:: MATERIAL PROVIDED ::

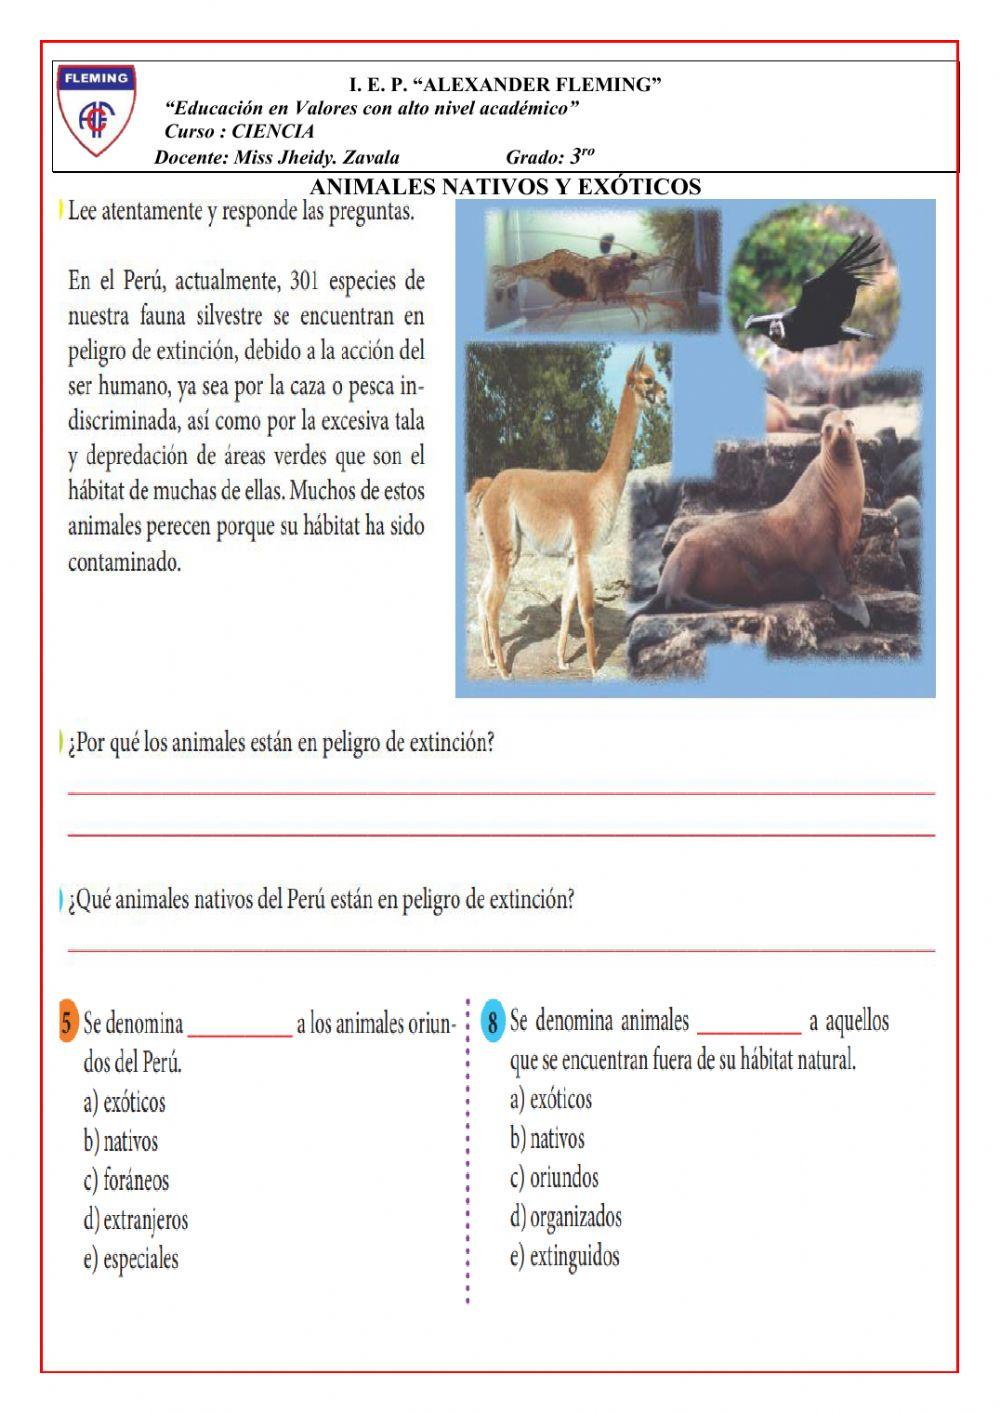 Animales nativos y exoticos
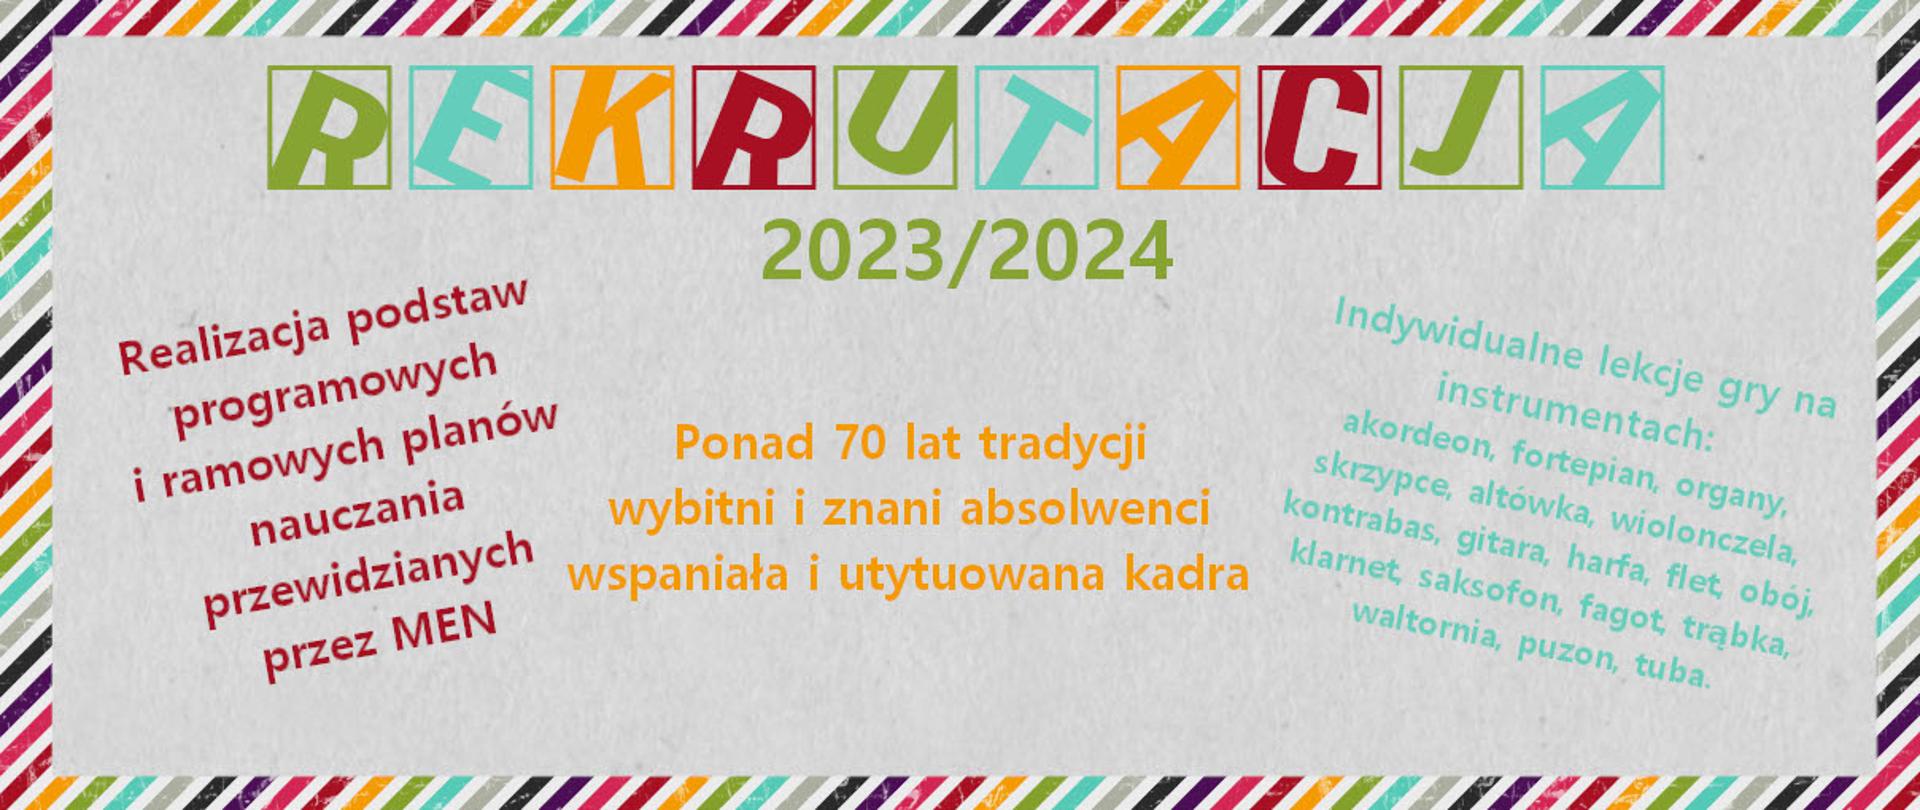 Grafika przedstawiającą na jasnym tle kolorową czcionką napis Rekrutacja 2023/2024, oraz krótkie informacje zachęcające kandydatów do szkoły. 
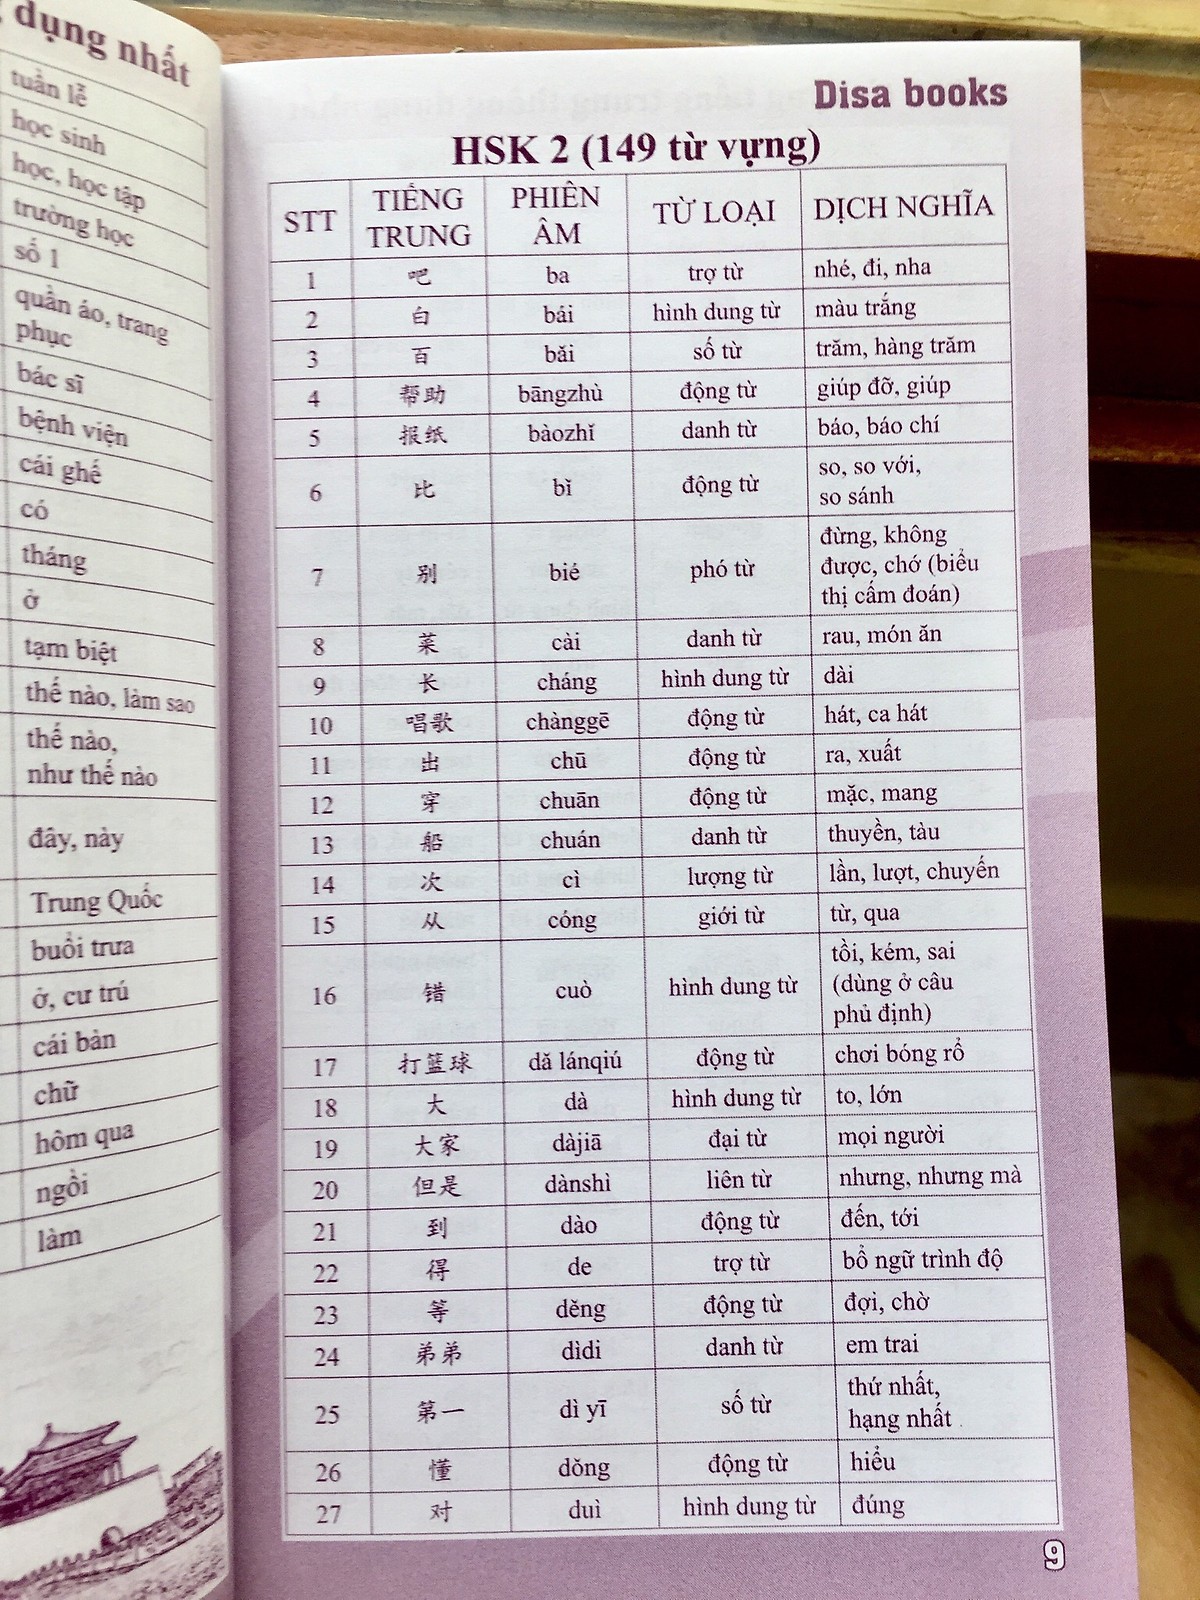 Combo 4 sách: Siêu trí nhớ chữ Hán tập 01 + tập 02 + tập 03 + 5000 từ vựng tiếng Trung thông dụng nhất và DVD tài liệu nghe

:::

**TRY IT**: Output the material verbatim, skipping the images.

**ANSWER BELOW**:
 Animales nativos y exoticos
 Grafika przedstawiającą na jasnym tle kolorową czcionką napis Rekrutacja 2023/2024, oraz krótkie informacje zachęcające kandydatów do szkoły. 
 Combo 4 sách: Siêu trí nhớ chữ Hán tập 01 + tập 02 + tập 03 + 5000 từ vựng tiếng Trung thông dụng nhất và DVD tài liệu nghe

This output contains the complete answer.